I've no problem here tested with VM-WKST 7.0. However, other boxes under ESX are running 7.2. I will see if I can test 8.0 on one of other box. Are you using cd image provided by Vmware or ports collection?


----------



## m0ps (Nov 26, 2009)

i'm use vmware-tools from ESX
for 7.x binary modules included in vmware-tools, and all work fine


----------



## swills@ (Nov 26, 2009)

You might consider the emulators/open-vm-tools or emulators/open-vm-tools-nox11 port(s). I've had good luck with them.


----------



## m0ps (Nov 26, 2009)

*swills*,
is not the right way ... I am interested in installing original vmware-tools from ESX 4.0 Update1


----------



## swills@ (Nov 27, 2009)

What's your goal? From what I've seen, the open-vm-tools provide all the functionality of the vmware-tools.


----------



## ChrisKnight (Dec 5, 2009)

swills said:
			
		

> What's your goal? From what I've seen, the open-vm-tools provide all the functionality of the vmware-tools.

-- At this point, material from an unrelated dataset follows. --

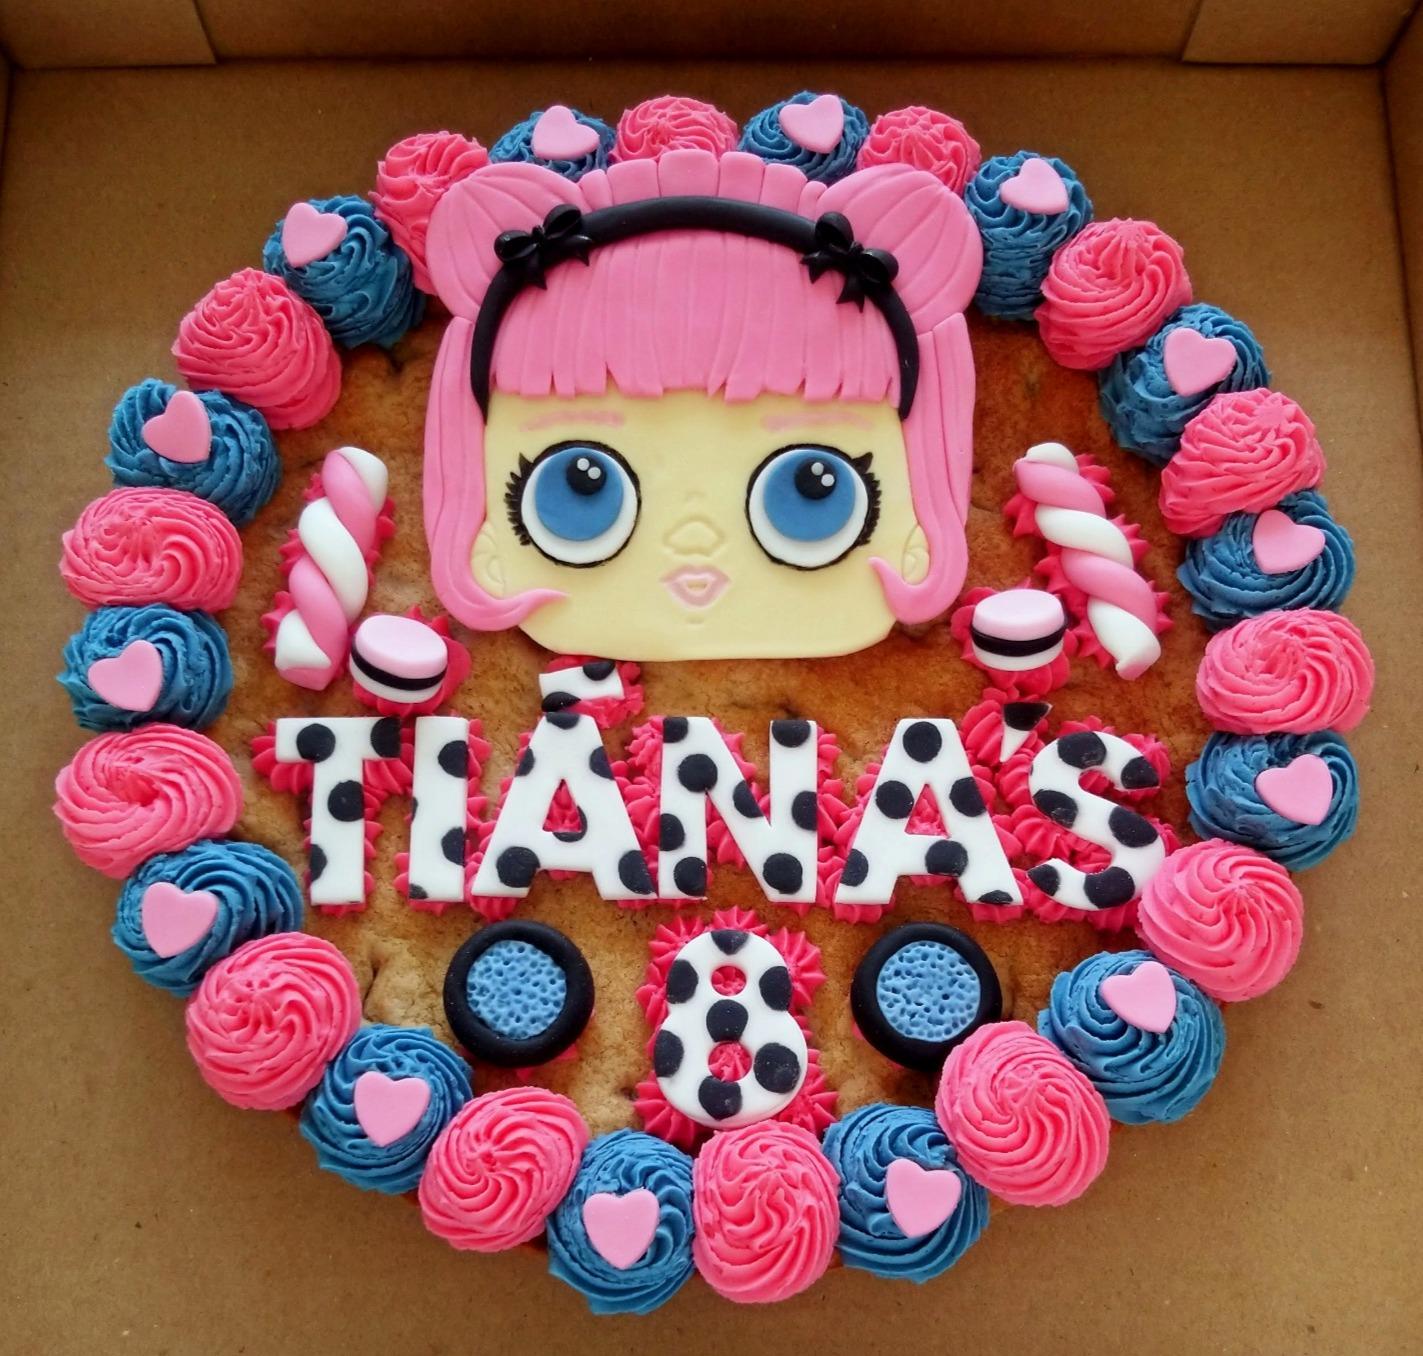 LOL Dolls Giant Cookie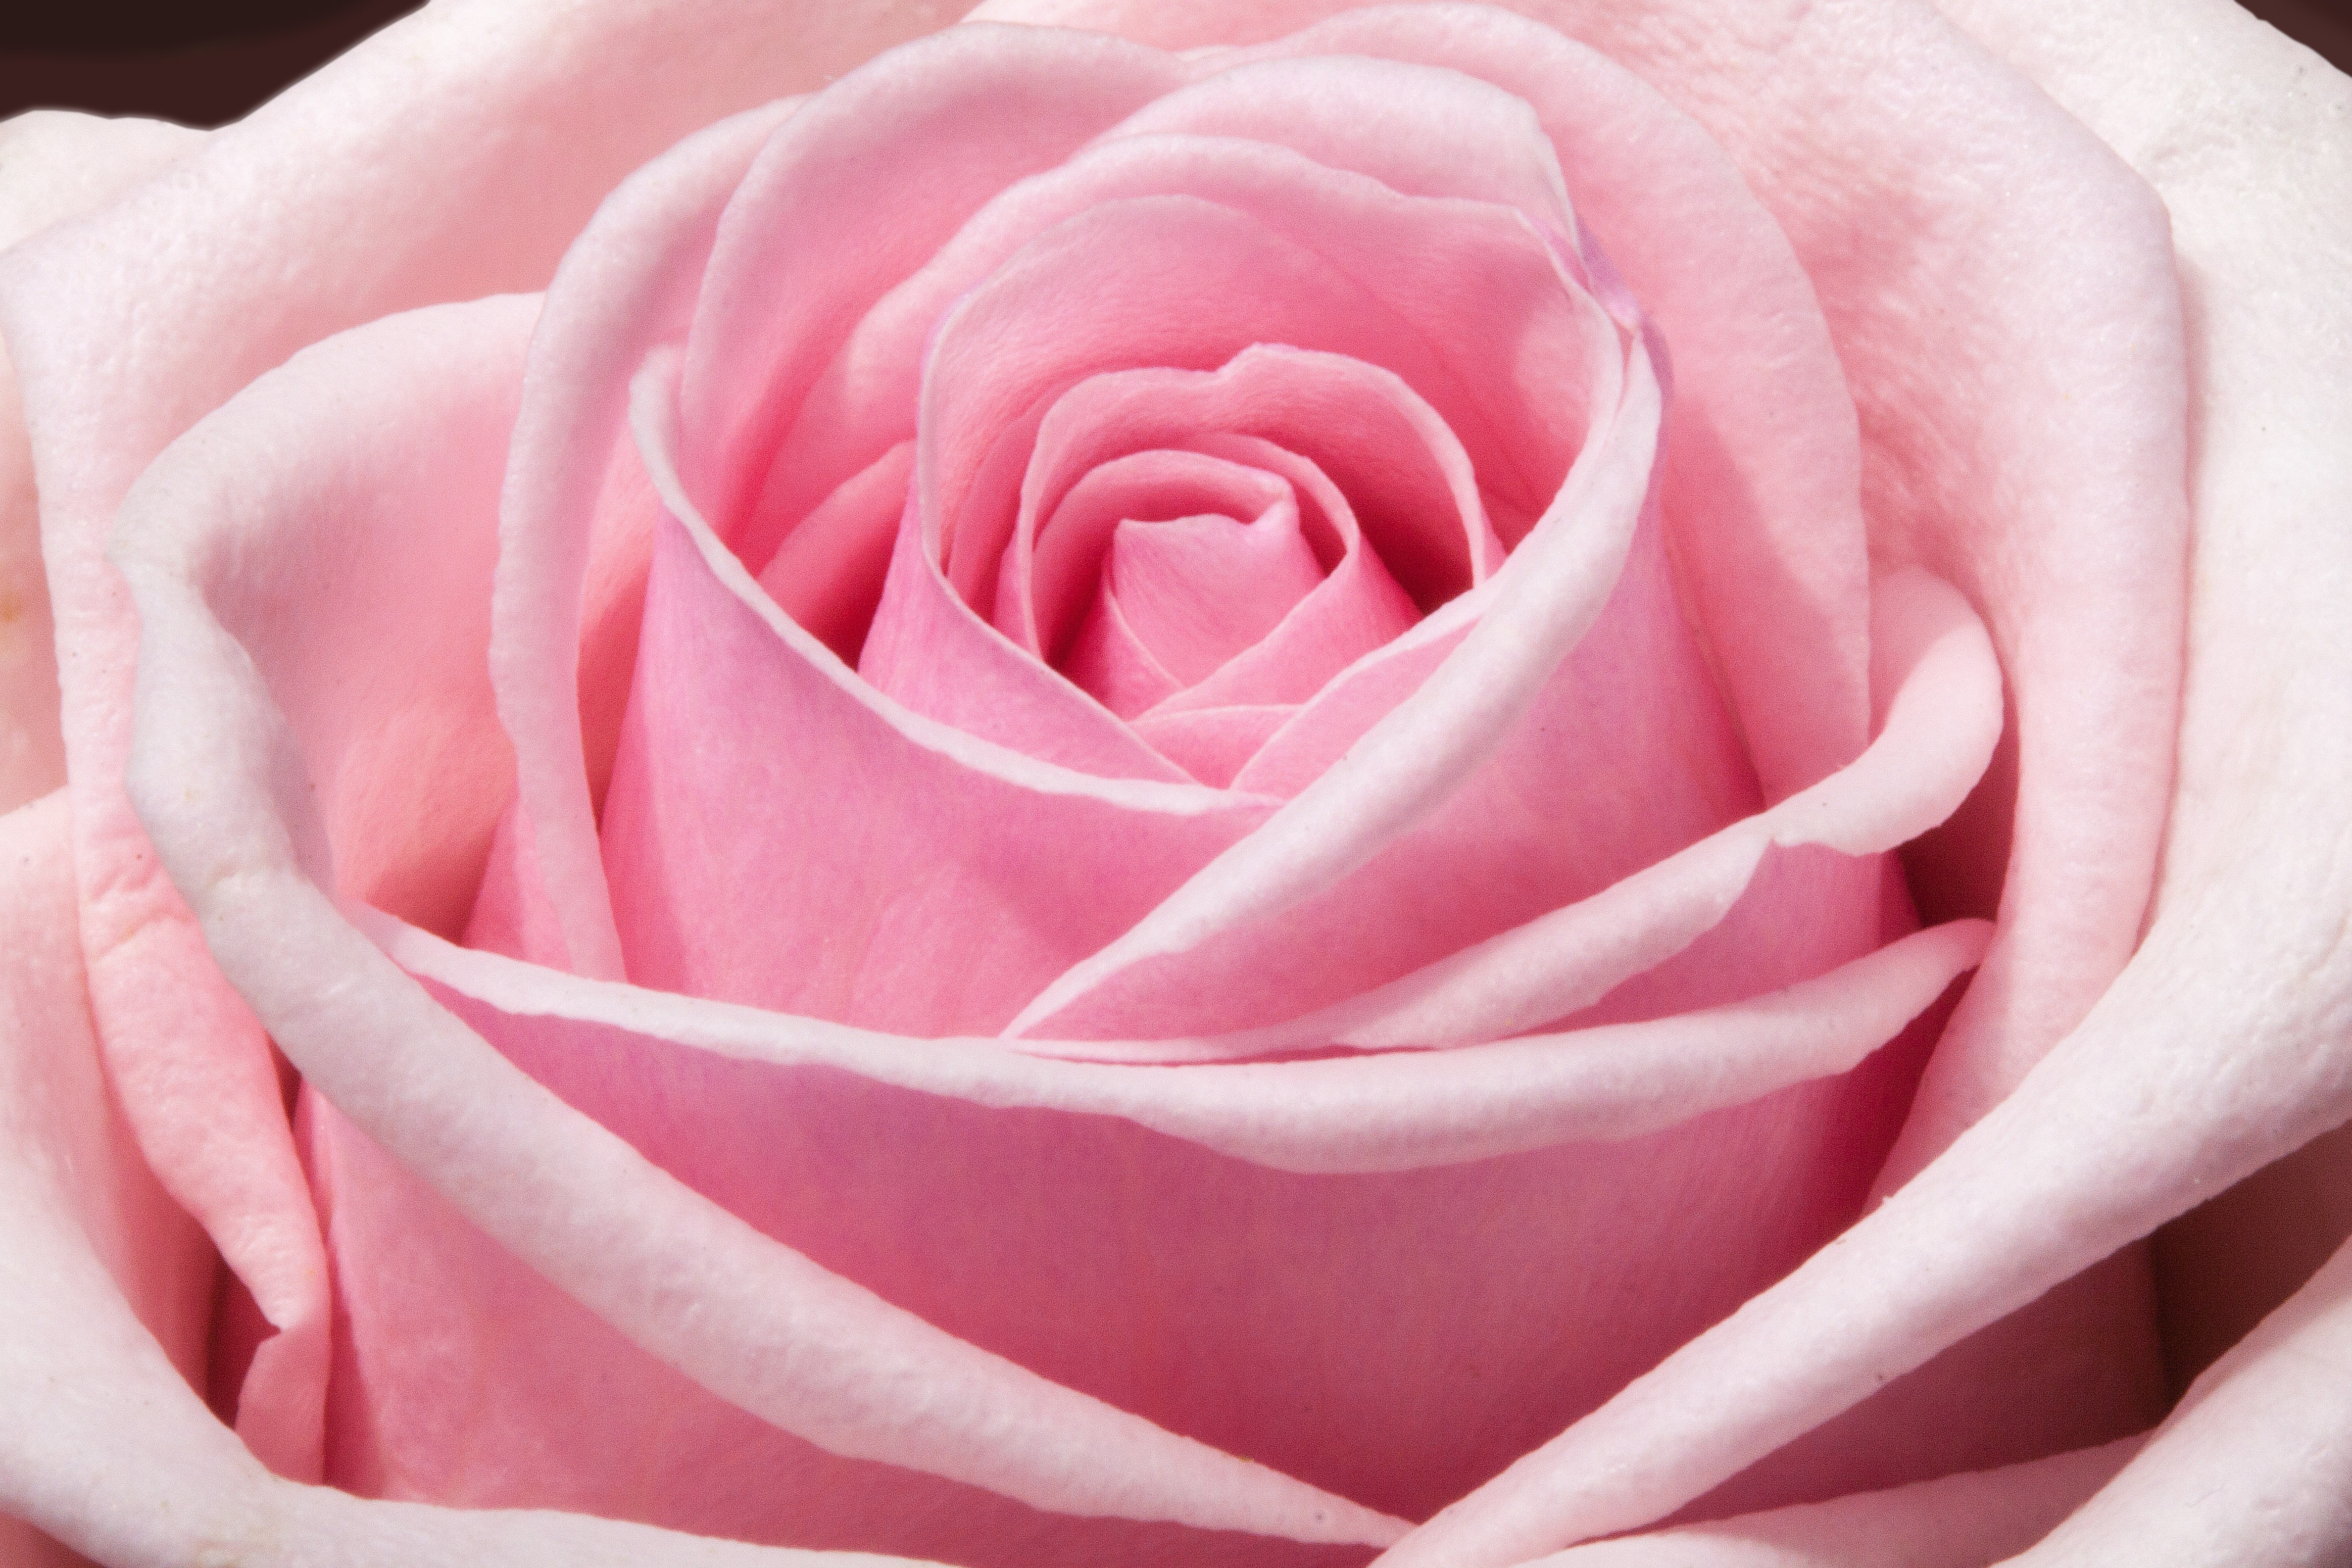 Roses flower Roses photos roses wallpaper for your desktop Red

Just curious, but have you used open-vm-tools in FreeBSD 8?  

I found this thread while looking for how to resolve the lack of kernel modules for FreeBSD 8 for the commercial VMWare tools.  I very much liked the suggestion here of using an open source version.  One thing I noticed though is that the FreeBSD port of open-vm-tools is rather out of date.  The current release on the Open Virtual Machine Tools website is open-vm-tools-2009.11.16, and the port is using open-vm-tools-2009.05.22.  That puts the port six releases out of date.  So, that's why I was wondering if anyone has used it under FreeBSD 8 and whether or not is is working properly for them.

-Chris


----------



## swills@ (Dec 5, 2009)

Funny you should mention that...

I have used the current version, but only on ESX where I didn't care if the X11 stuff worked. But I've never tried it with the Unity stuff turned on. 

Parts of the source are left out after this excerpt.